AI coding tools are excellent at handling small, self-contained snippets or even a couple of files at a time. The cracks start to show when you throw them into a sprawling codebase with hundreds of interconnected modules, layers of abstraction, and legacy code decisions made years ago. Context length limits and lack of deep architectural understanding mean the AI can’t hold the entire system in its reasoning.

So, while it might generate a clever fix for a single function, it won’t consider the ripple effects across the rest of the codebase. This creates a new kind of technical debt: not bugs you can see immediately, but subtle inconsistencies and architectural drift that only surface much later. Human developers normally catch these things because they’re mentally modeling the system as a whole, but as of now, AI fails to exhibit that complex behavior.

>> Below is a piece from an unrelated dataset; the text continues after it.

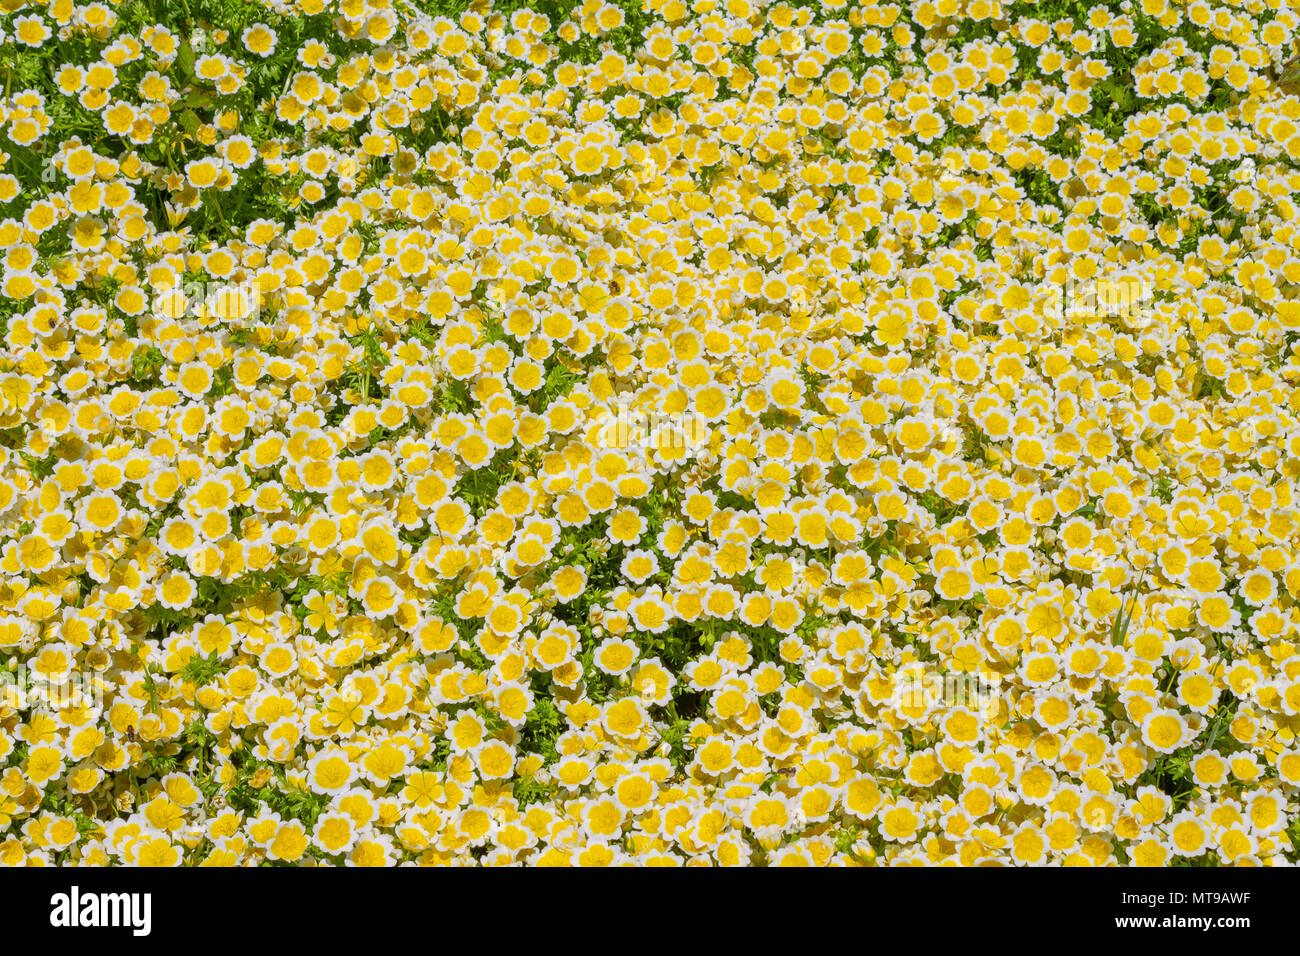 Œufs pochés Limnanthes douglasii plantes, couvrant le sol en bouquets denses de jaune et fleurs blanches au début de l'été. Banque D'Images

Outside of Web Development

A large part of modern datasets for LLMs comes from developer code that's written in JavaScript, TypeScript, Java, or Python. There's some C and C++ too, but these languages generally have a lot more quirks that aren't covered broadly across developer projects. These languages are relatively simple, predictable, have large user adoption, and easy for LLMs to generate accurate code for. Projects built with traditional MERN stacks even more so.

Step outside of that comfort zone, however, and you quickly see the limits. Try to use AI to debug a distributed system, configure Kubernetes at scale, write optimized C++ for embedded hardware, or even just deal with YAML in a production CI/CD pipeline. The model’s confidence remains absolute, but the solutions hallucinate, oversimplify, or introduce catastrophic errors. Sometimes their solutions even involve deleting entire databases.

Conclusion

It is possible to learn with AI, but I highly recommend against it when you're just starting out. The trial and error, the repeated failures, and the process of rethinking your approach is what actually builds lasting skill. With AI, that cycle gets skipped. Instead of wrestling with problems, you accept whatever the model gives you, even when it’s inefficient, poorly structured, or flat-out wrong. Beginners rarely have the experience to recognize these issues, so they end up with code that works but no understanding of why.

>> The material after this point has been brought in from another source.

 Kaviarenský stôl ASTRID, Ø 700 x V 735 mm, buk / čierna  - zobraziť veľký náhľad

The risks are even bigger than they appear. AI tends to get stuck in local minima, circling weak solutions instead of rethinking the problem. It struggles with large, interconnected codebases where subtle mistakes create long-term technical debt. And outside of mainstream web development, its answers often collapse entirely. These are exactly the kinds of traps a beginner won’t catch, and why using AI as a crutch early on can be so damaging.

You might end up with a cool new toy at the end, or a project due on time, but you never took the time to learn. If you can manage to spend that time and break yourself off of the convenience of AI, you'll come out on the other side a more competent developer and learner that can leverage AI to assist rather than replace.